Could you retype every line below exactly, omitting the images?

══ RECORDED INFORMATION

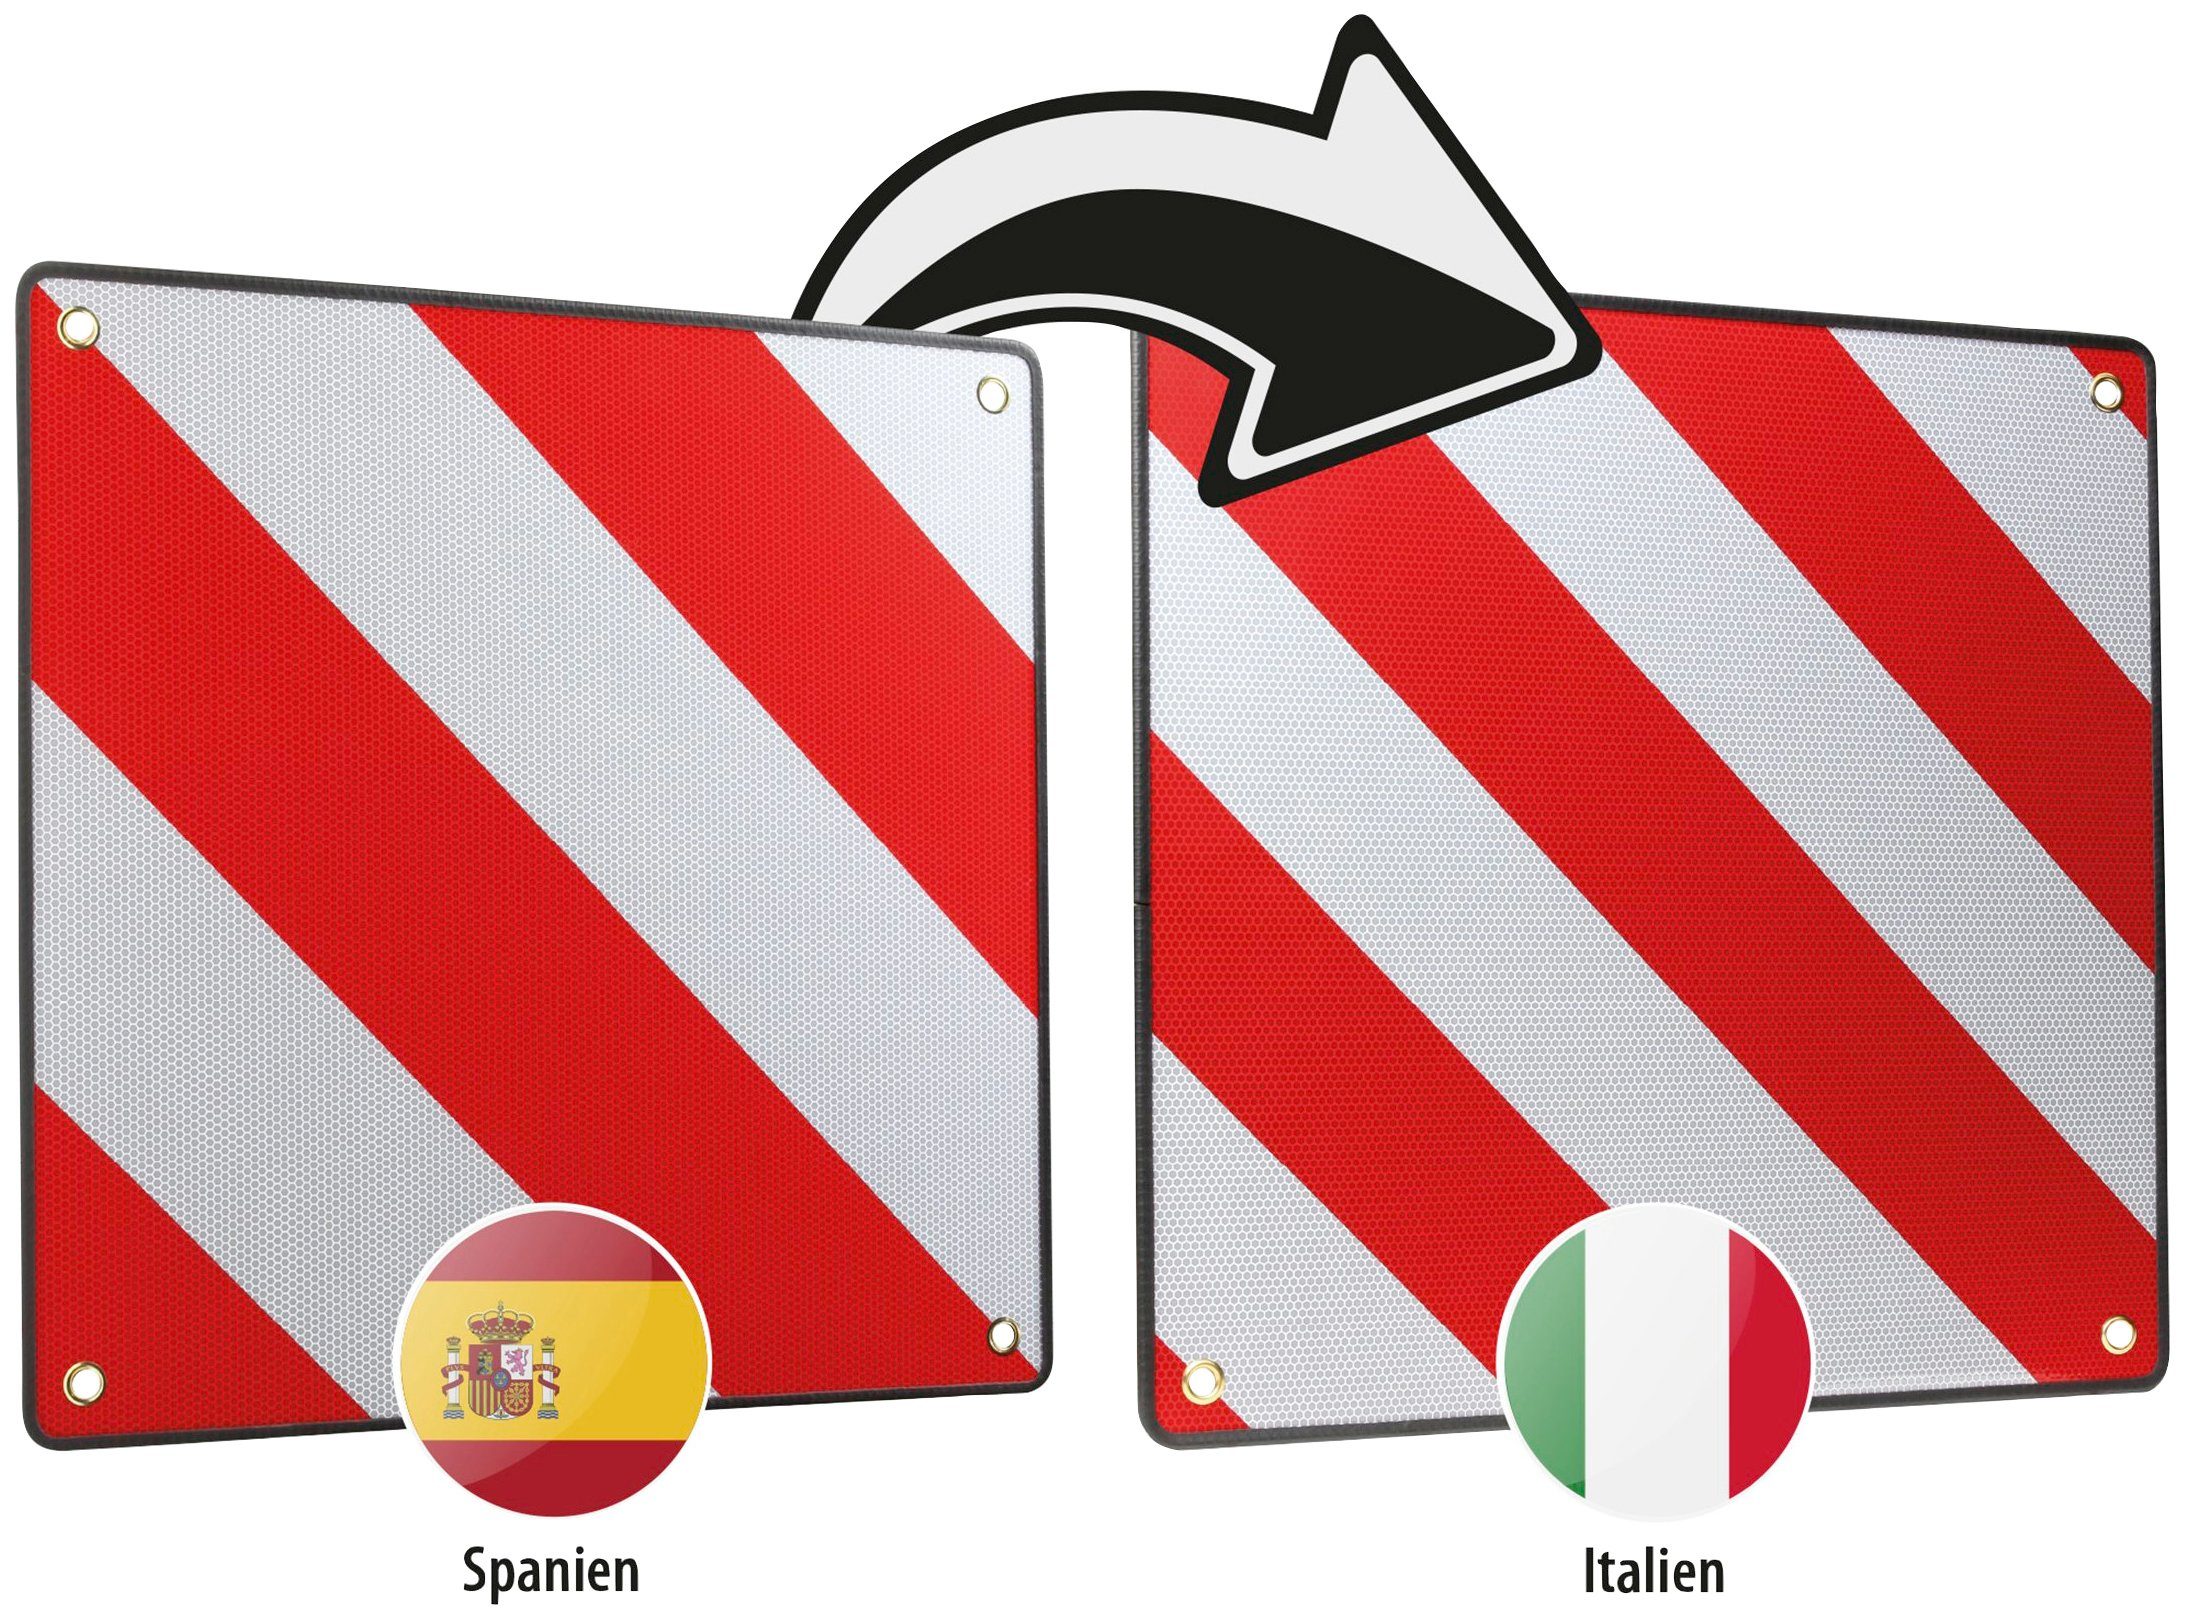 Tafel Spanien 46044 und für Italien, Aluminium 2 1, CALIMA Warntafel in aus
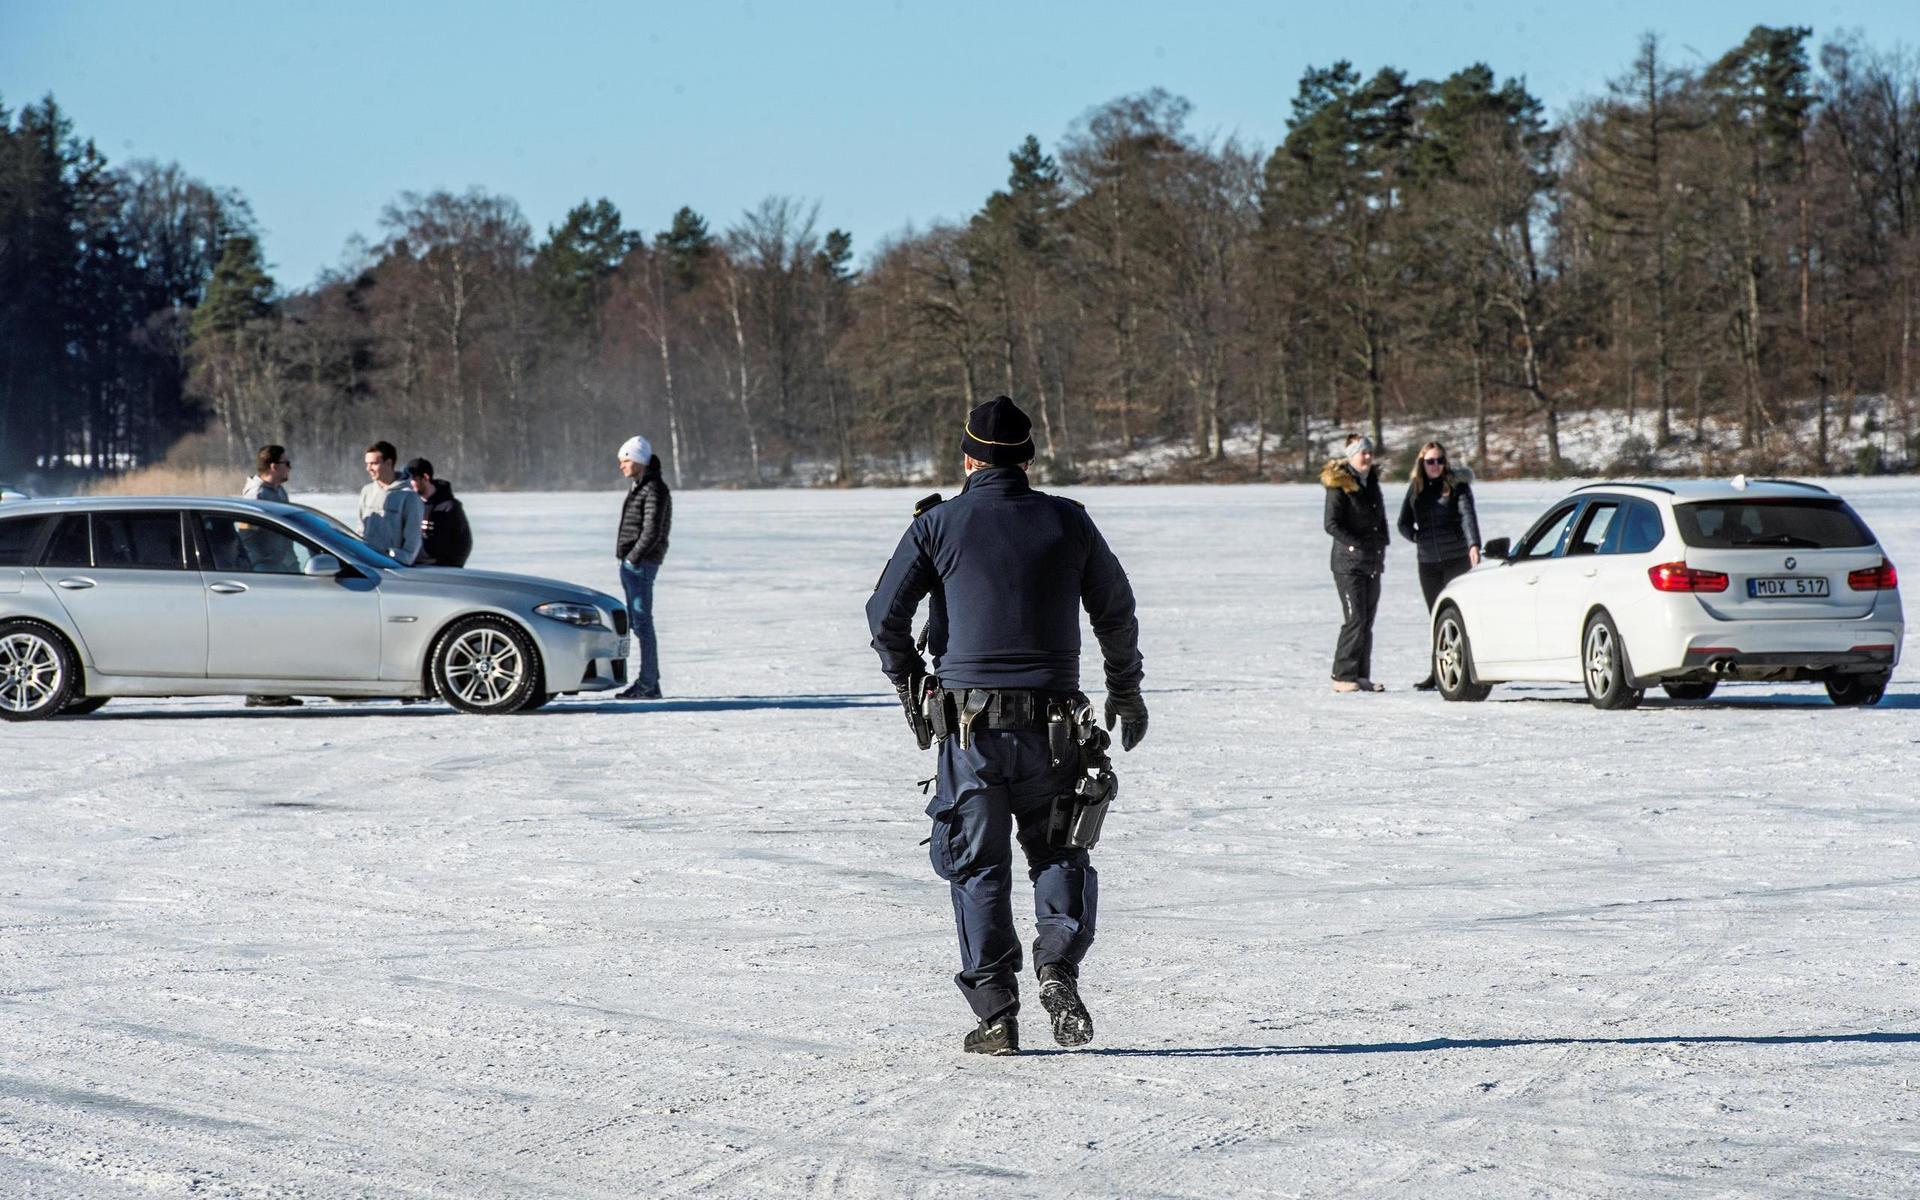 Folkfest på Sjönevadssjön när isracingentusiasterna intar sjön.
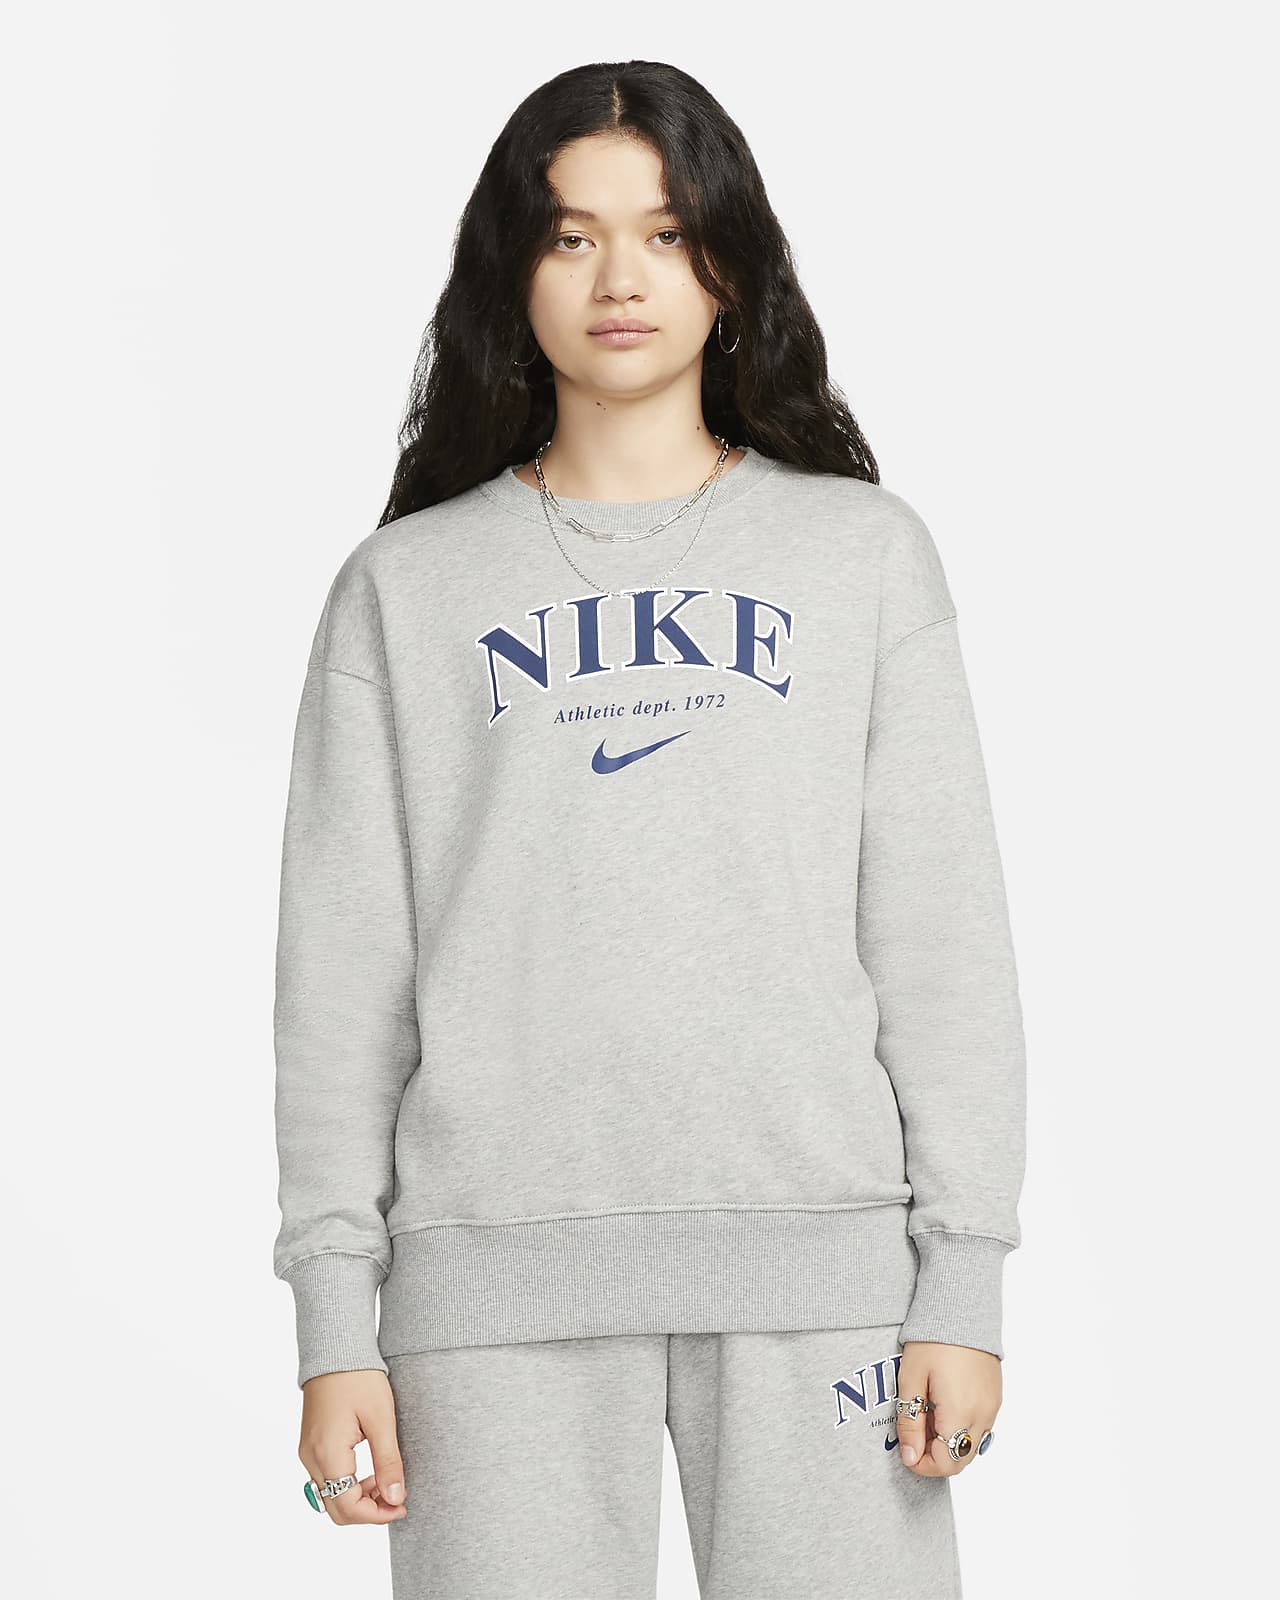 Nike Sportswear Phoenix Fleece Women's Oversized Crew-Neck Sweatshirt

════

EXERCISE ANSWER =>
 Tafel Spanien 46044 und für Italien, Aluminium 2 1, CALIMA Warntafel in aus
 Folkfest på Sjönevadssjön när isracingentusiasterna intar sjön.
 Nike Sportswear Phoenix Fleece Women's Oversized Crew-Neck Sweatshirt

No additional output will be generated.